DOI: https://doi.org/10.1007/978-3-031-43987-2_1

SharedIt: https://rdcu.be/dnwJj

Link to the code repository

https://github.com/HaojunYu1998/UltraDet

Link to the dataset(s)

https://github.com/HaojunYu1998/UltraDet


Reviews

Review #4

  • Please describe the contribution of the paper

    This paper proposes a real-time lesion detection model for ultrasound videos. The approach addresses the issue of false positives that arises when applying frame-level models to ultrasound videos. The model leverages negative temporal contexts to mitigate false positives by extracting and aggregating relevant contextual information from previous frames. The aggregation approach relies on a novel optical-flow based method for aligning information from the context frames and the current frame. The proposed model significantly outperforms previous works and achieves real-time inference speed.

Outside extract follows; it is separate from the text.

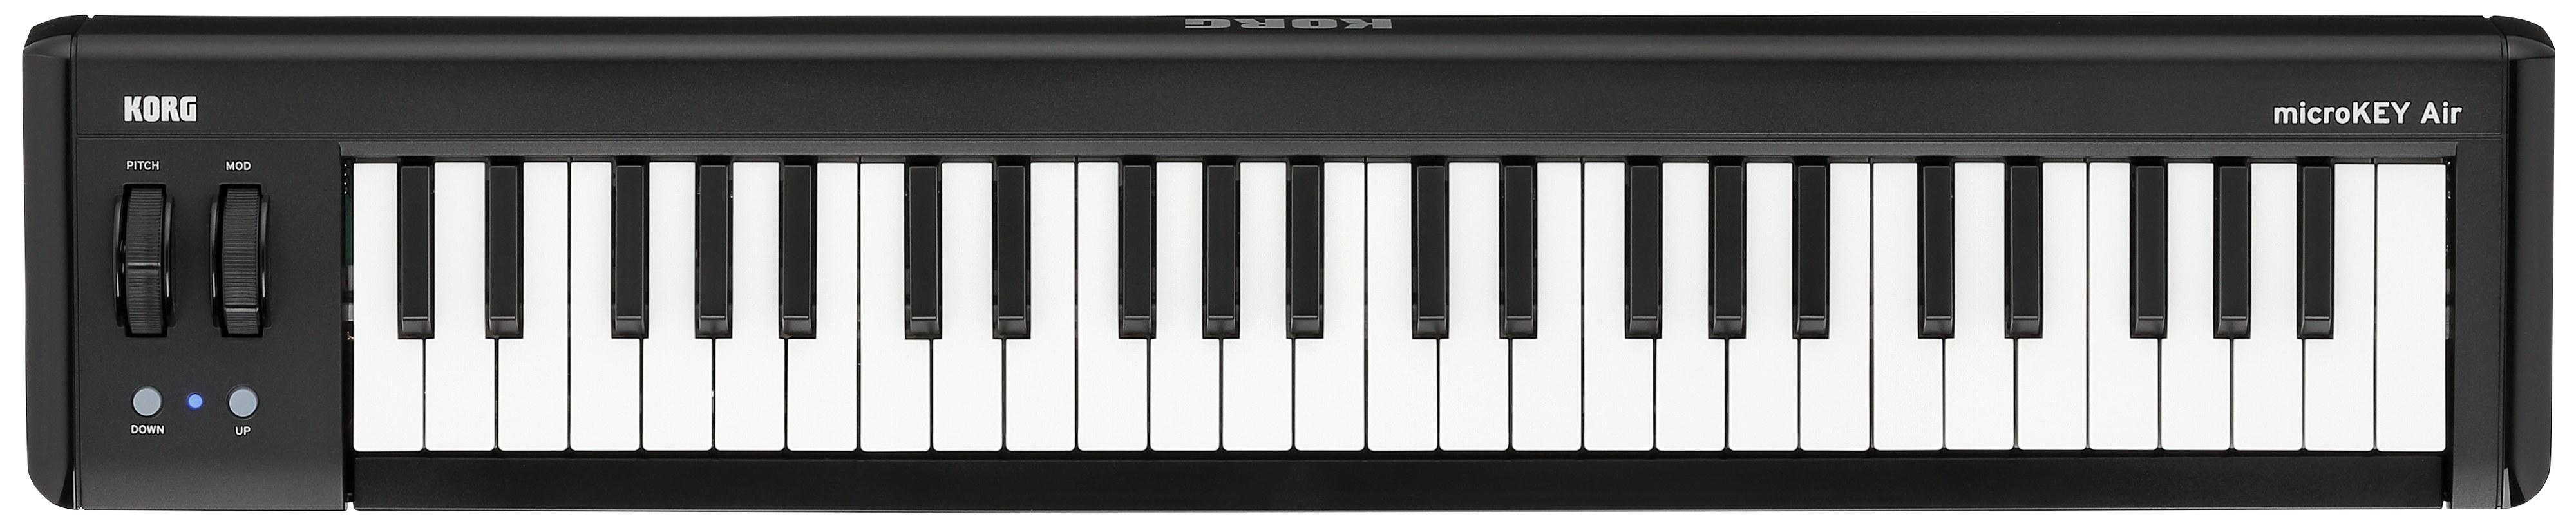 KORG microKEY2 49 Air USB Controller Keyboard

  • Please list the main strengths of the paper; you should write about a novel formulation, an original way to use data, demonstration of clinical feasibility, a novel application, a particularly strong evaluation, or anything else that is a strong aspect of this work. Please provide details, for instance, if a method is novel, explain what aspect is novel and why this is interesting.
    1. The paper is well organized, clear, and has good use of visualization. Specifically, the network architecture diagrams are logically laid out with all of the necessary details needed to understand their moderately complicated architecture approach with a bit of work on the reader’s part. This plus the lucid writing greatly aid in general understanding and potentially with reproducibility.
    2. The optical flow-based feature alignment technique is novel and could have applications beyond the dataset under consideration. The core contribution is the idea of aligning information from previous frames with the current frame in order to make real time inferences. Based on the ablation study, this is very effective in the current case, and I expect this simple idea can be applied in many situations.
    3. The authors performed a very thorough comparison with state-of-the-art techniques and an adequate ablation study of their core architecture contributions.
  • Please list the main weaknesses of the paper. Please provide details, for instance, if you think a method is not novel, explain why and provide a reference to prior work.
    1. Though the method seems quite general, the authors only present results for the CVA-BUS dataset. This weakens the broader impact of the paper somewhat because it leaves open the possibility that the NTCA idea is highly specialized to the real-time lesion detection problem. To their credit, the authors do not make unsupported claims about the applicability of the model in more general scenarios.
    2. The authors introduce new annotations for the CVA-BUS dataset, but give almost no information about how the labels are produced.
    3. The authors report on the inference speed of their model but give very little detail on how this speed was measured. What hardware was used?
  • Please rate the clarity and organization of this paper

    Excellent

  • Please comment on the reproducibility of the paper. Note, that authors have filled out a reproducibility checklist upon submission. Please be aware that authors are not required to meet all criteria on the checklist - for instance, providing code and data is a plus, but not a requirement for acceptance

    This work is highly reproducible. The authors use a public dataset. Though they produce custom annotations, the annotations will be made available (are included in provided supplementary material). Code is likewise available. Lastly, paper is detailed and clear.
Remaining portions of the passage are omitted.